A cultura, no nosso Portugal, é um bicho curioso. Tem mais apoios que o alheio do vizinho e mais subsídios que os ossos da Santa Alforreca, mas, ainda assim, vive num estado perpétuo de precariedade aristocrática, qual D. Juan que só se alimenta de tapas e de ginja.
O que me recorda, com uma melancolia que não cabe no peito, a situação do «Jornal de Letras, Artes e Ideias», a mais fina das publicações periódicas para um certo tipo de gente que usa sapatos de camurça. Essa, que vive de subsídios culturais, e que agora, pobre JL, está atolado num mar de problemas, daqueles em que a maré sobe e a conta-corrente desce.
Ai que nos safamos
O seu director, José Carlos de Vasconcelos, também conhecido como «O Poeta de Freamunde», o mesmo que se celebrizou nos saraus mais dionisíacos do nosso país, aquando o recitar do seu poema «A dita dura / A dita dura / A dita dura», está, segundo reza a prosa e o verbo, a fazer um esforço hercúleo para se apropriar do título, que, como se sabe, pertence ao grupo Trust in News, que, por sua vez, está mais falido que o
stock de ideias dos nossos políticos. E é aqui, no momento da decisão, que se verifica o pequeno drama de Zé Carlos: «A dita mole». Sim, caro leitor, porque uma coisa é a lírica, outra, bem diferente, é o balanço da conta-corrente.
O Subsídio da Estética do Desastre
Estou certo que o leitor, sendo um ser de requinte e de bom gosto, é assíduo comprador e leitor deste jornal. Sejamos francos, o papelito só consegue chegar às bancas porque todos nós, através do Governo, com os nossos impostos, lá enfiamos os custos para que Zé Carlos ainda tenha onde trabalhar. E que os deuses da arte e do pensamento não lhe percam o rasto.
Assim, com a bolsa recheada pelos nossos sacrifícios, Zé Carlos pode andar a tratar de assuntos interessantes para o homem comum. A saber: ensaio que publicou há uns tempos, intitulado «O estruturalismo na pega do bezerro de Paulo Núncio», uma obra-prima que, dizem os maldizentes, era lida de uma ponta à outra pelo seu autor, sem se perceber se a prosa era feita de vogais ou consoantes.
O Perfume das Papoilas Saltitantes
Esta vetusta personagem e veneranda figura, quer agora levar esse seu concorrente direto do «Correio da Manhã» à miséria. E pega no JL e leva-o para casa, pago pelo ministério e com temas tão interessantes como «Os Prolegómenos à lírica do Homem do Leme», enquanto jovens papoilas saltitantes, cultíssimas e adoradoras do Bom e do Mao, andam a esvoaçar qual musas de banheira de João César Monteiro — num tourbillon de futilidade e de vaidade. O que isso tem a ver com o nosso drama? Tudo. Porque, enquanto uns se dedicam à alta cultura, outros, mais humildes, dedicam-se à arte de contar tostões, e, já agora, à de os distribuir aos BFF.
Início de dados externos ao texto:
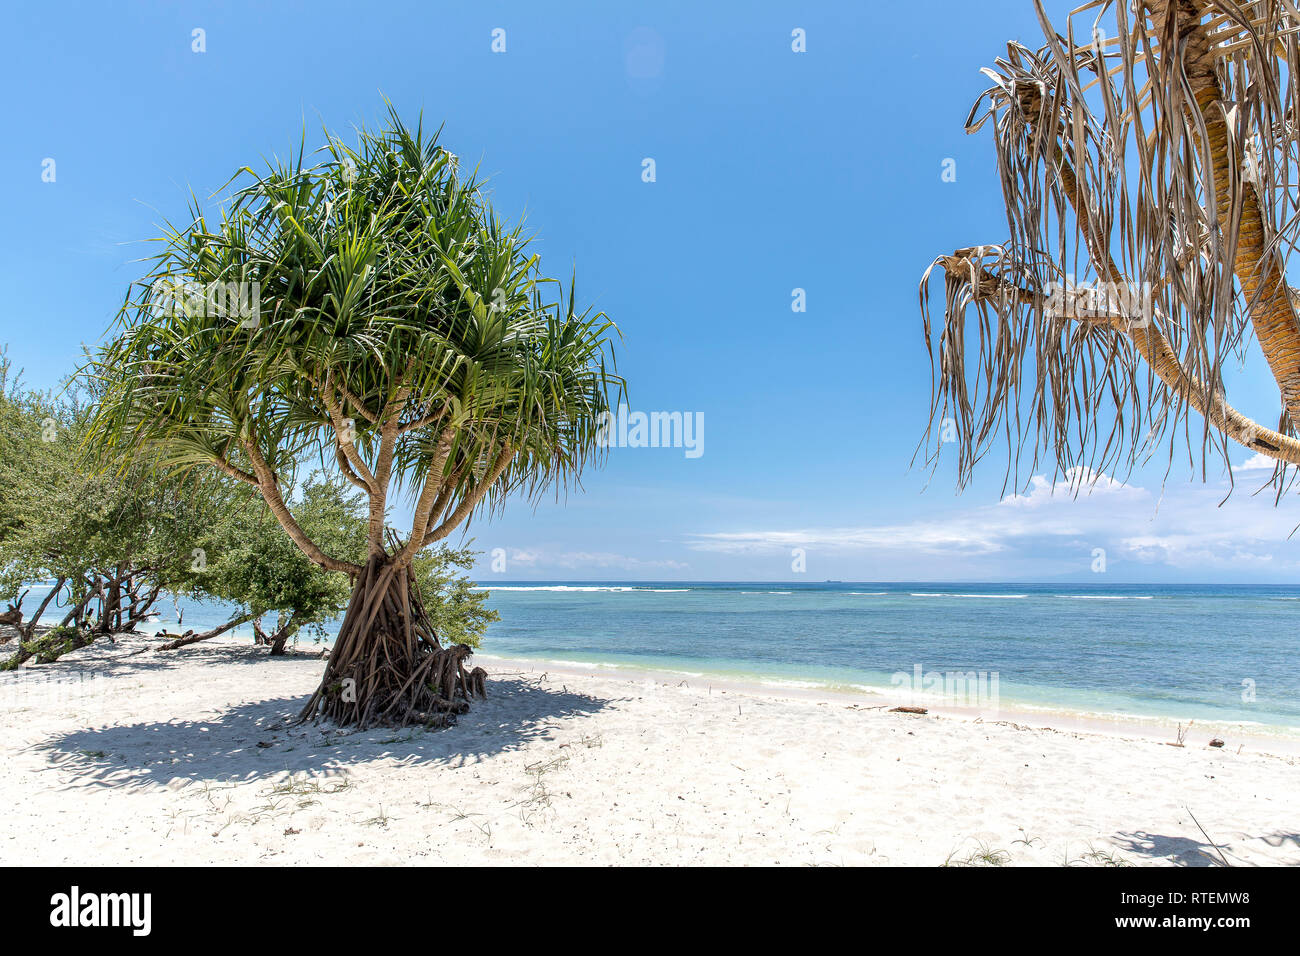 Tropical trees on the coast of Gili Trawangan in Indonesia. Stock Photo
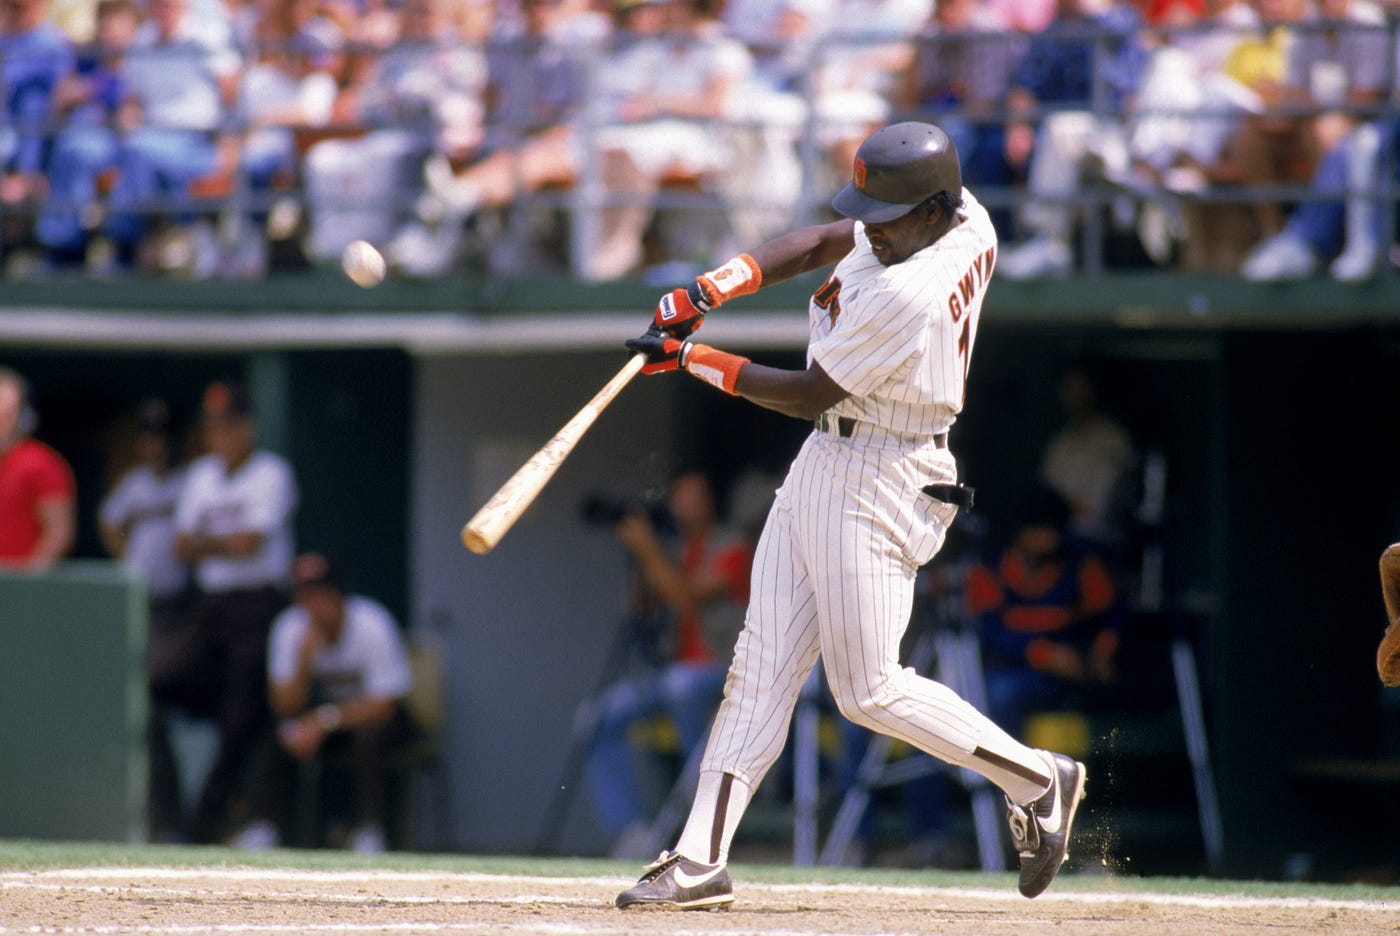 Baseball In Pics - Tony Gwynn up to bat during the 1984 World Series

A Fábrica de Nuvens para um Dia de Sol
É neste cenário de comédia de costumes, mais ou menos refinada, que percebemos o verdadeiro sentido da palavra “cultura” em Portugal. Mais do que uma manifestação de pensamento ou arte, é uma espécie de fundo de maneio para os amigos, uma espécie de estufa de protecção para um determinado grupo que se acha superior a tudo o resto e que precisa de ser alimentado pela mão visível, como se fosse um recém-nascido. Para este grupo, a insolvência é só um lapso técnico, um momento de reflexão que os fará mais fortes e endinheirados no futuro.
O Estruturalismo do Descalço
E assim, o “Poeta de Freamunde”, com a sua lírica de atar, mas com a mão no bolso do contribuinte, continua a sua marcha triunfal, porque, como dizia o pseudo-filósofo alemão, Gunther von Krapfen, na sua ‘Ode ao Vazio Estruturalista’: “O homem sem carcanhol é um cão sem ossos”. O que, como se percebe, é uma forma erudita de dizer que o dinheiro, neste nosso país, é o verdadeiro motor da cultura.
No fundo, o que o nosso caro José Carlos de Vasconcelos nos está a dizer, com esta sua epopeia financeira, é que a cultura, para sobreviver, não precisa apenas de talento, nem de leitores, nem sequer de temas interessantes. Precisa apenas e só de um bom advogado, um bom lobista e, claro, um governo amigo, disposto a abrir os cordões da bolsa, porque, como se sabe, a cultura é o único investimento que nunca se perde, nem que seja só para a reputação de quem manda. A dita mole é apenas um detalhe, uma nota de rodapé na gloriosa biografia de quem vive da palavra amiga, mas perdida.